In this paper, we present a detailed analysis on how support vector machine (SVM) can be utilized as a powerful tool for the $k$-nearest neighbor (kNN) classifier. Our approach involves introducing a novel multi-class dimensionality reduction technique, called Discriminant Analysis via Support Vectors (SVDA), which makes use of SVM. This technique is particularly useful in deriving the non-linear version, Kernel Discriminant via Support Vectors (SVKD), through kernel mapping.

One of the key advantages of SVDA is that it only involves support vectors to obtain the transformation matrix, thereby significantly reducing computational complexity for kernel-based feature extraction. Our experiments, which were conducted on several standard databases, clearly demonstrate a significant improvement in LDA-based recognition. Therefore, our proposed SVDA approach offers a promising solution for improving the efficiency and accuracy of kNN classification.
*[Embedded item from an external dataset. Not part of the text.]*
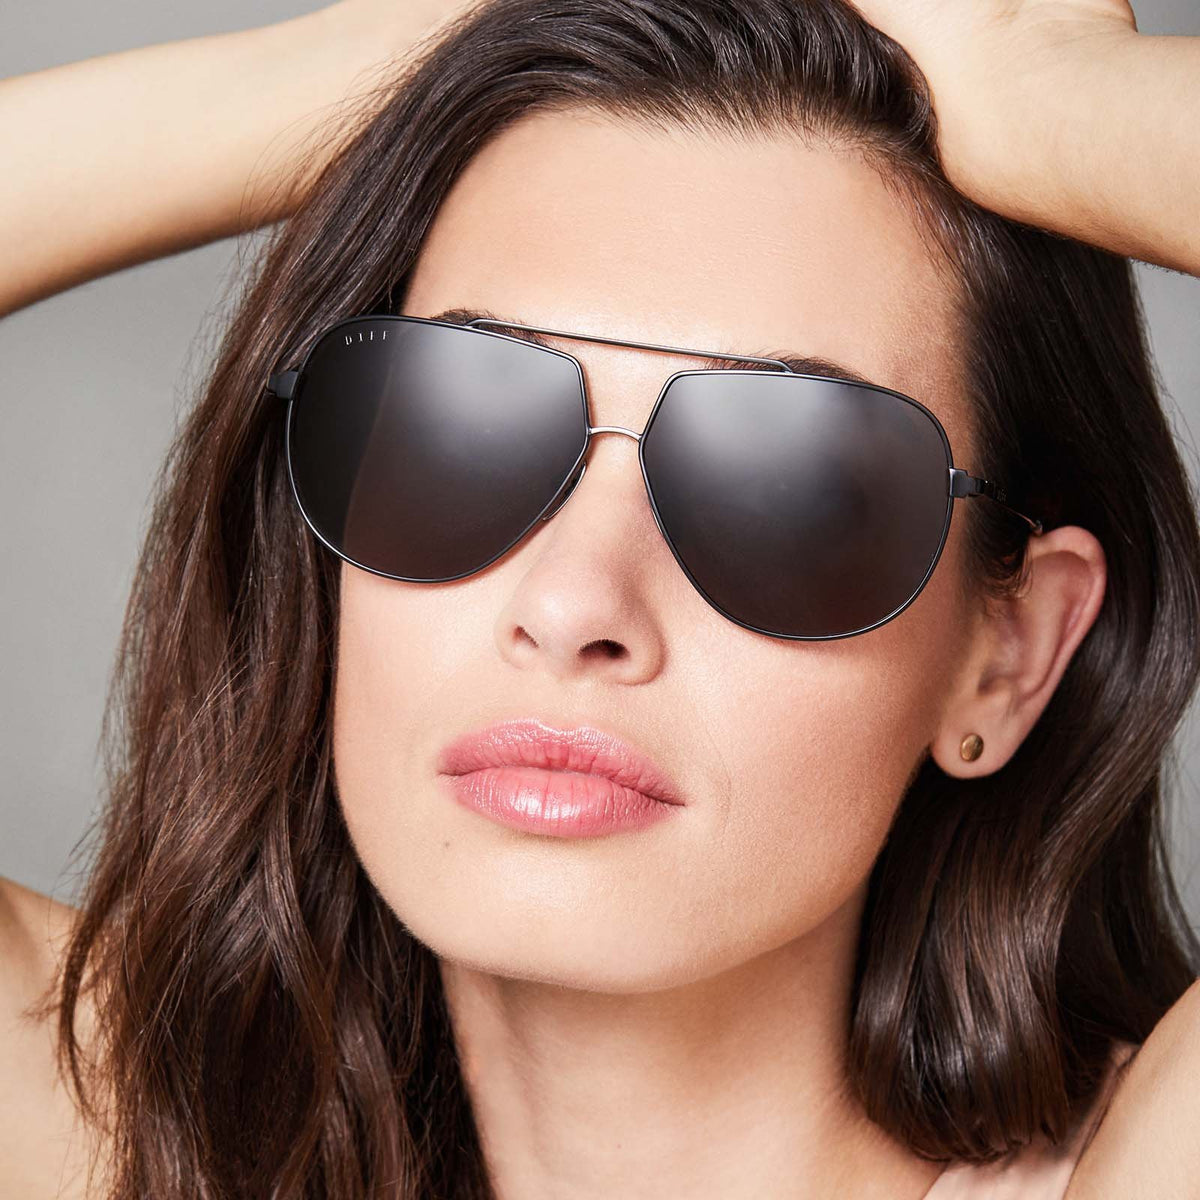 Sunglasses with black frames and grey polarized lens on a female model

Moreover, we also discuss the potential applications of SVM in various other fields, such as image recognition, natural language processing, and speech recognition. We highlight the key benefits of using SVM, such as its ability to handle high-dimensional data, its robustness against noise and outliers, and its flexibility in dealing with non-linearly separable data. Overall, our findings suggest that SVM is a highly versatile and effective tool for a wide range of classification problems in different domains.